=== AVAILABLE DATA ===

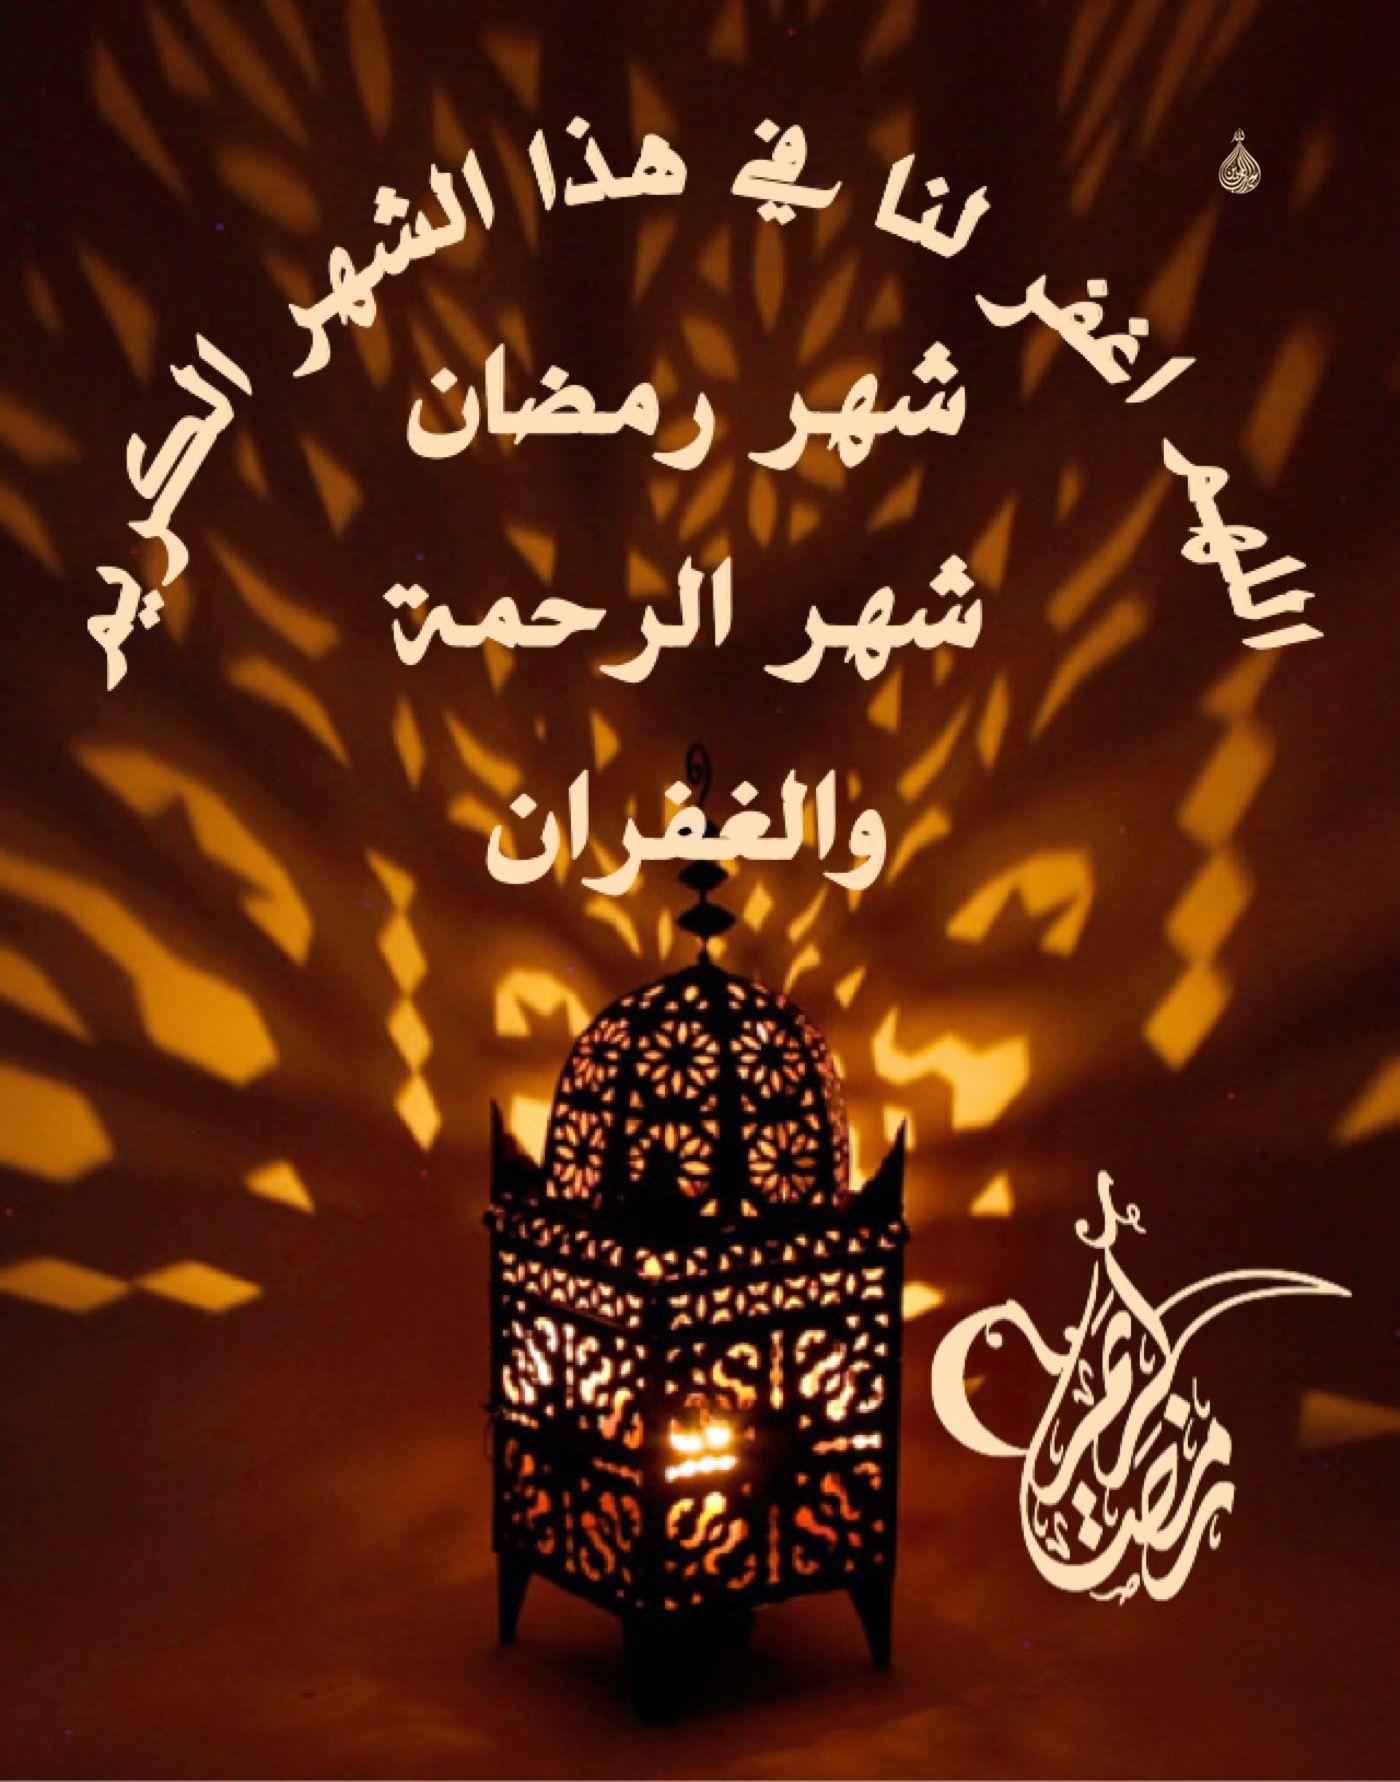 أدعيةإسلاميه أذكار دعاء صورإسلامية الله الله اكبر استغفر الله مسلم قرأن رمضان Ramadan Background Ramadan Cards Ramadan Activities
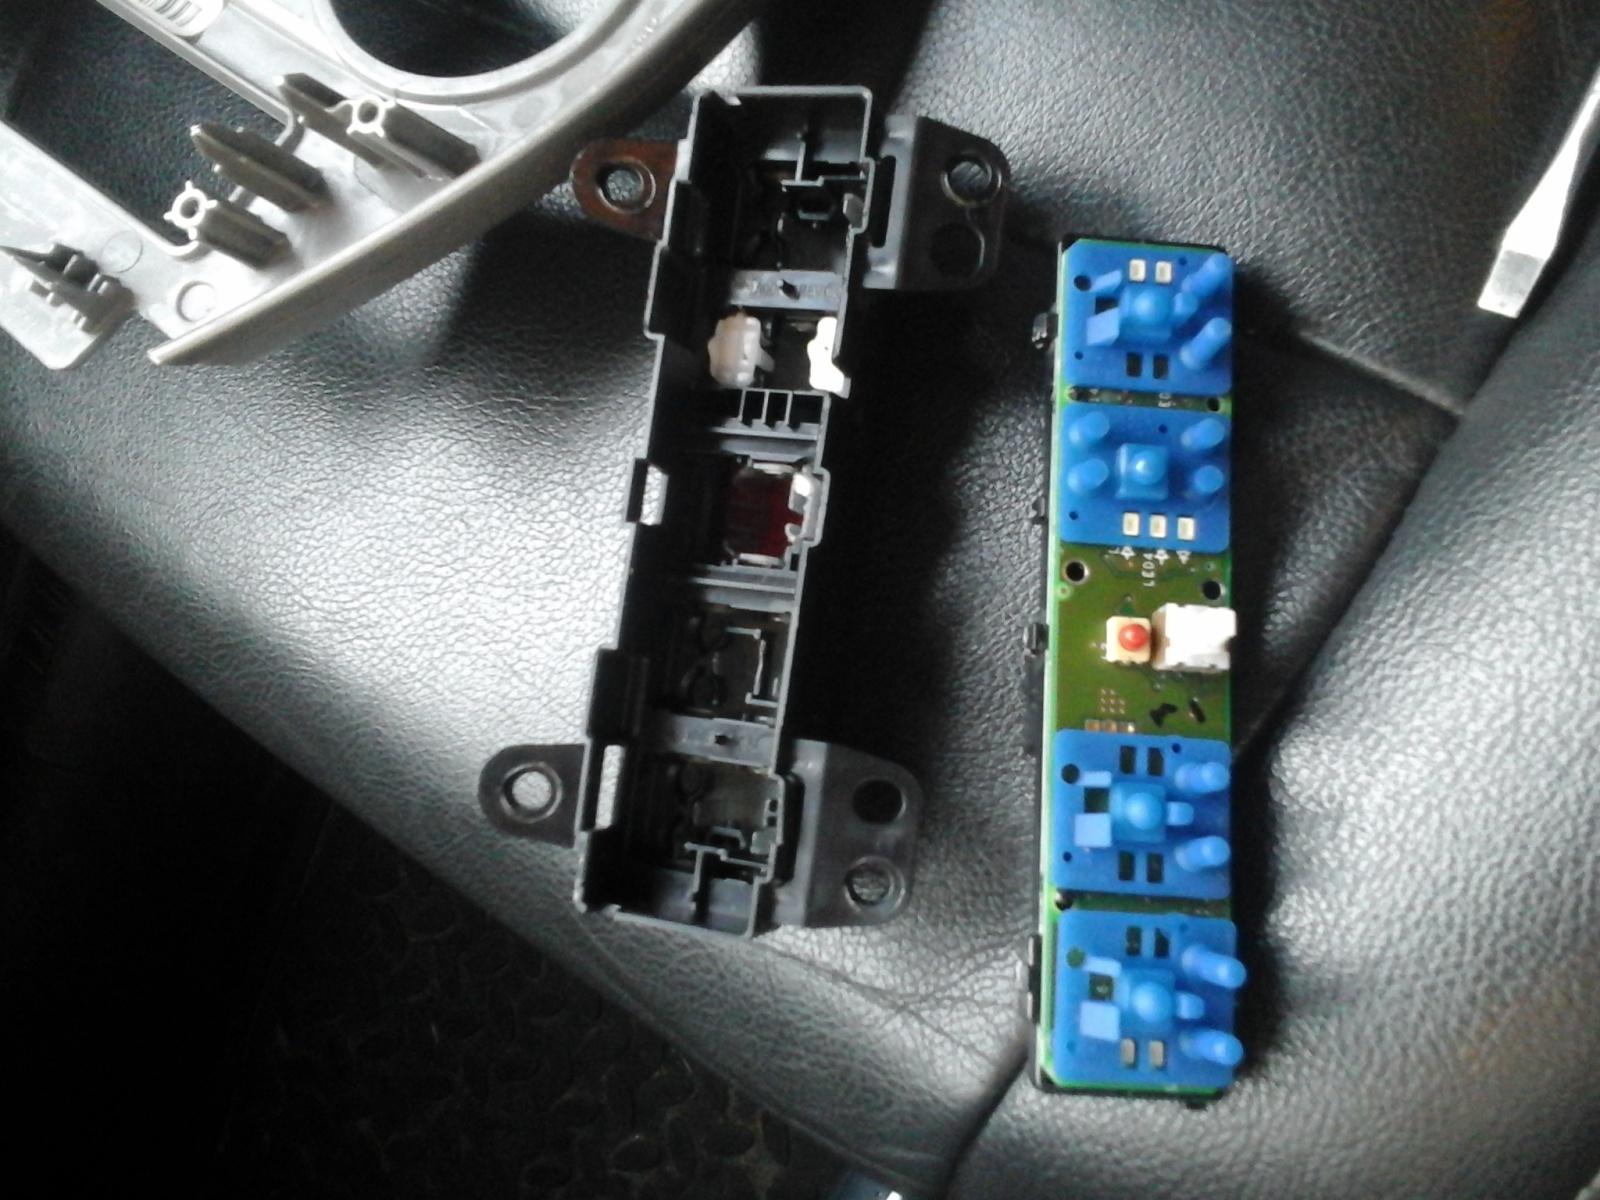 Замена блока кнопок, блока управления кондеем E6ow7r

===
=== AVAILABLE DATA ===

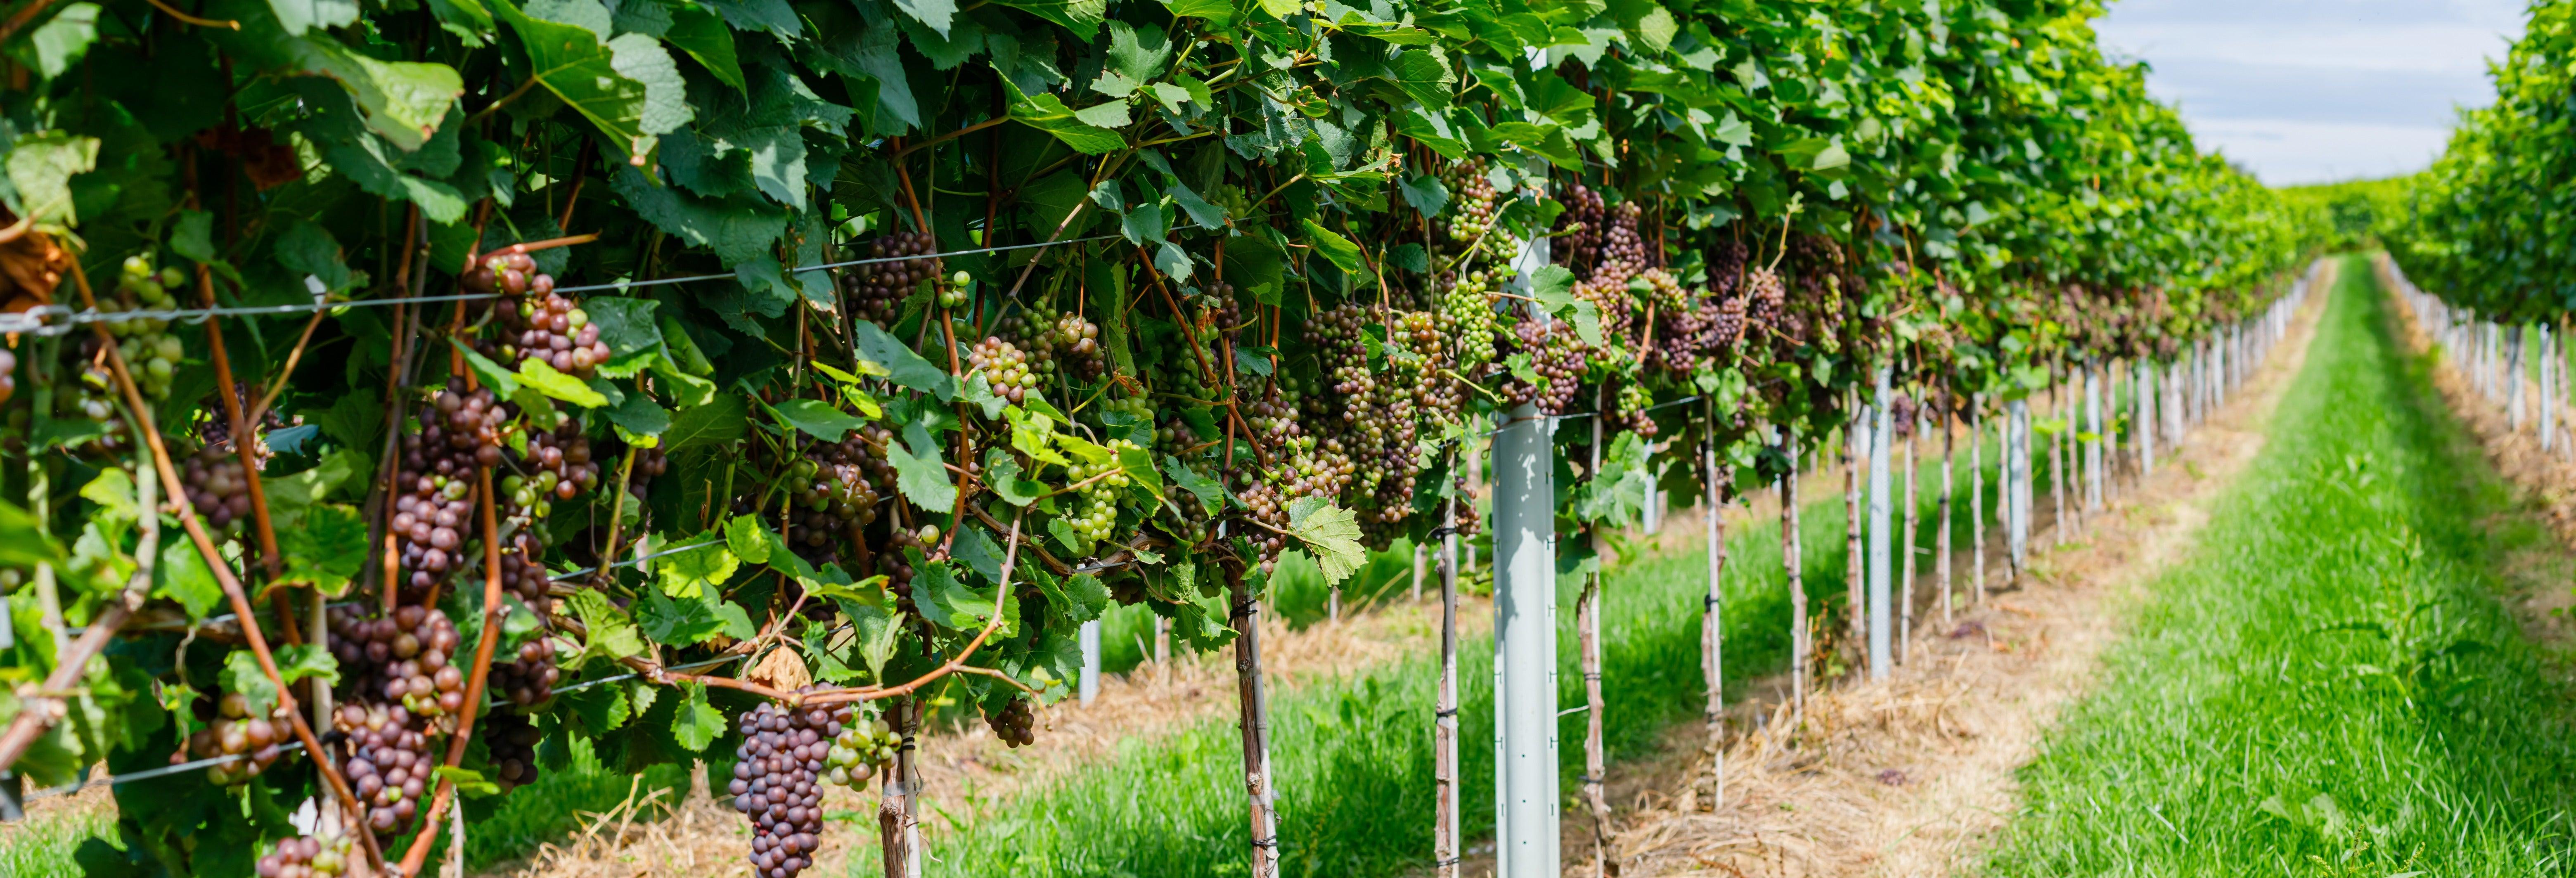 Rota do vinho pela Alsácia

===
=== AVAILABLE DATA ===

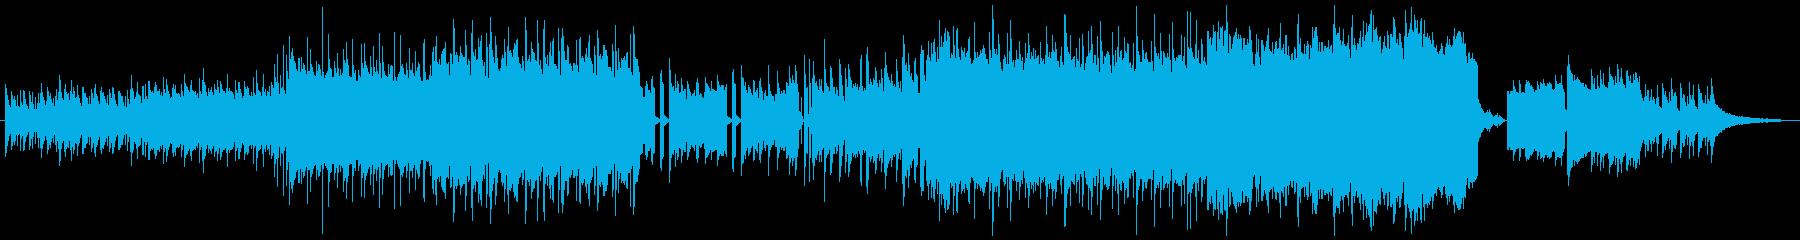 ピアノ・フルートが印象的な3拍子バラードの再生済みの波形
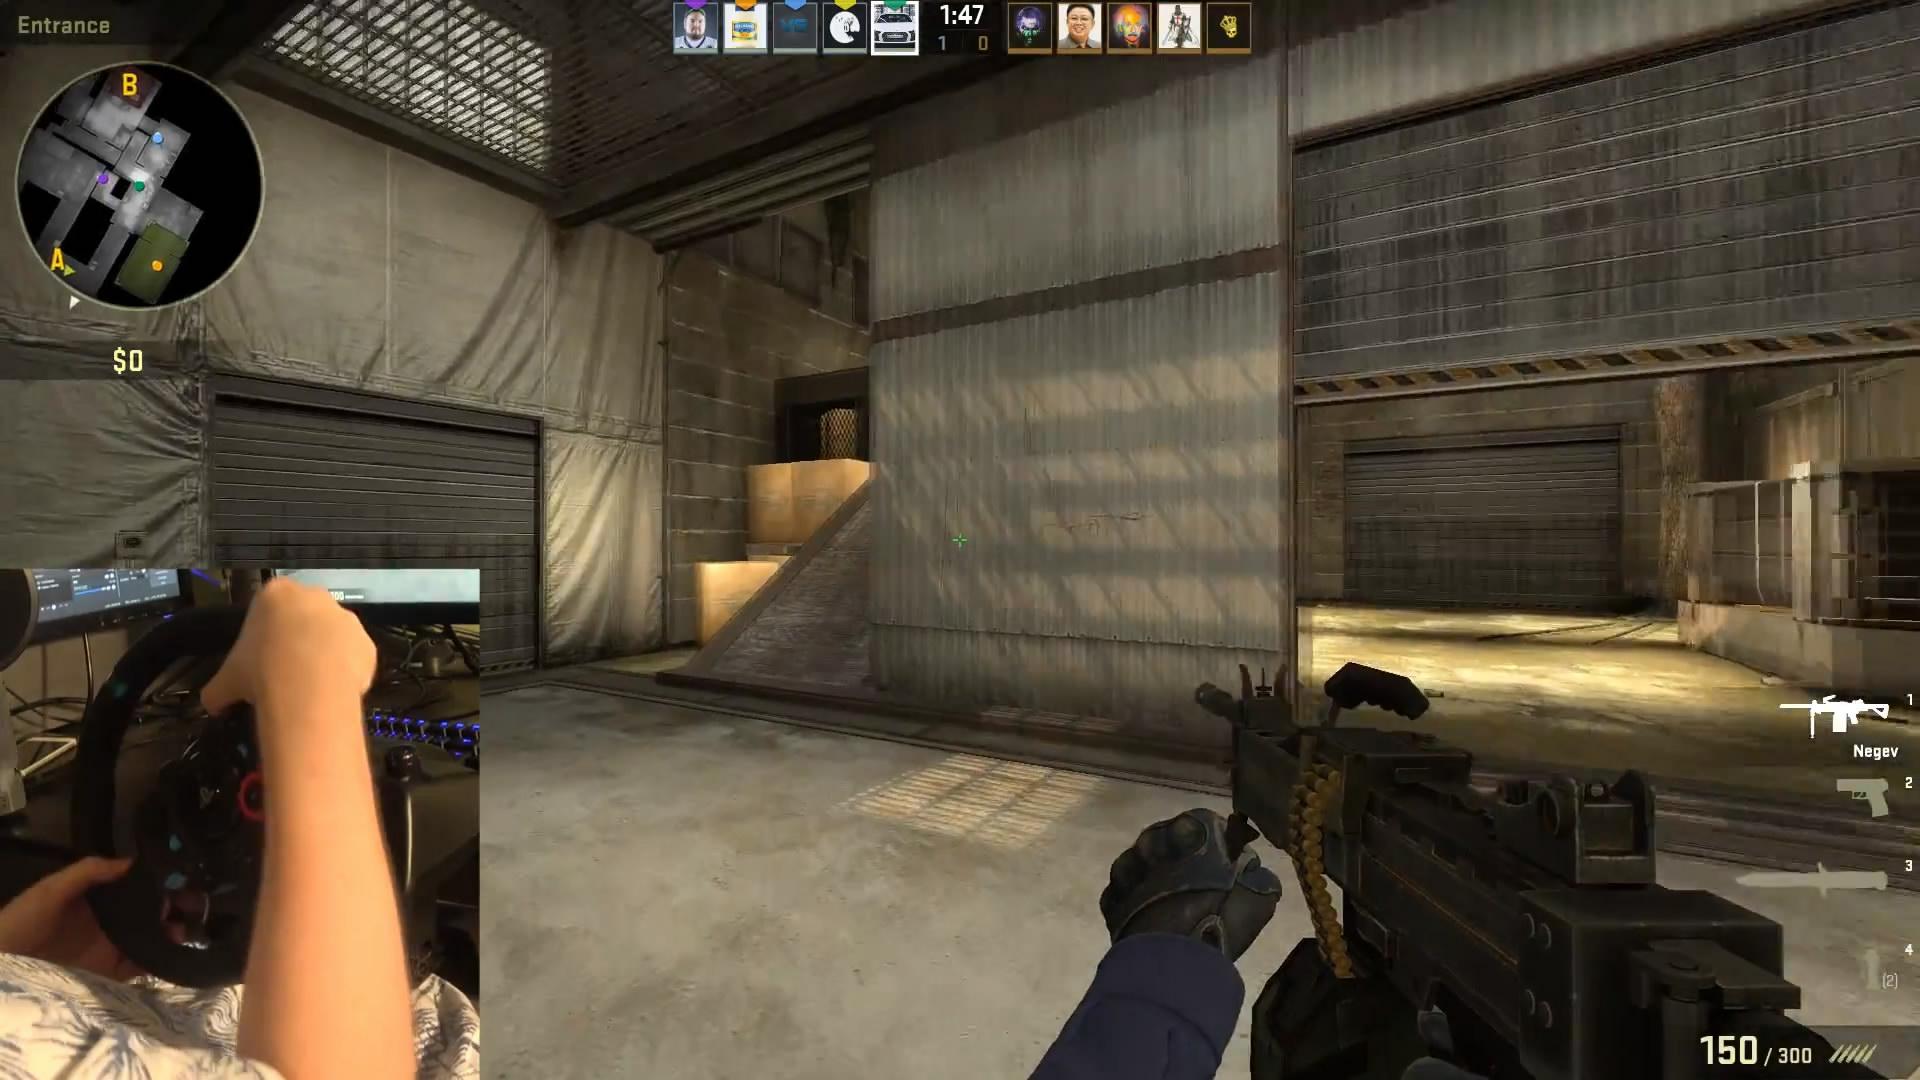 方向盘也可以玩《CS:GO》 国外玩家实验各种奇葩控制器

===

▶ [WHAT YOU ARE ASKED TO DO] Using the data above, return the lines from the one holding "أدعيةإسلاميه أذكار دعاء" through the one holding "Замена блока кнопок, блока" exactly, but not the pictures.

▶ [RESPONSE TO THIS EXERCISE]
 أدعيةإسلاميه أذكار دعاء صورإسلامية الله الله اكبر استغفر الله مسلم قرأن رمضان Ramadan Background Ramadan Cards Ramadan Activities
 Замена блока кнопок, блока управления кондеем E6ow7r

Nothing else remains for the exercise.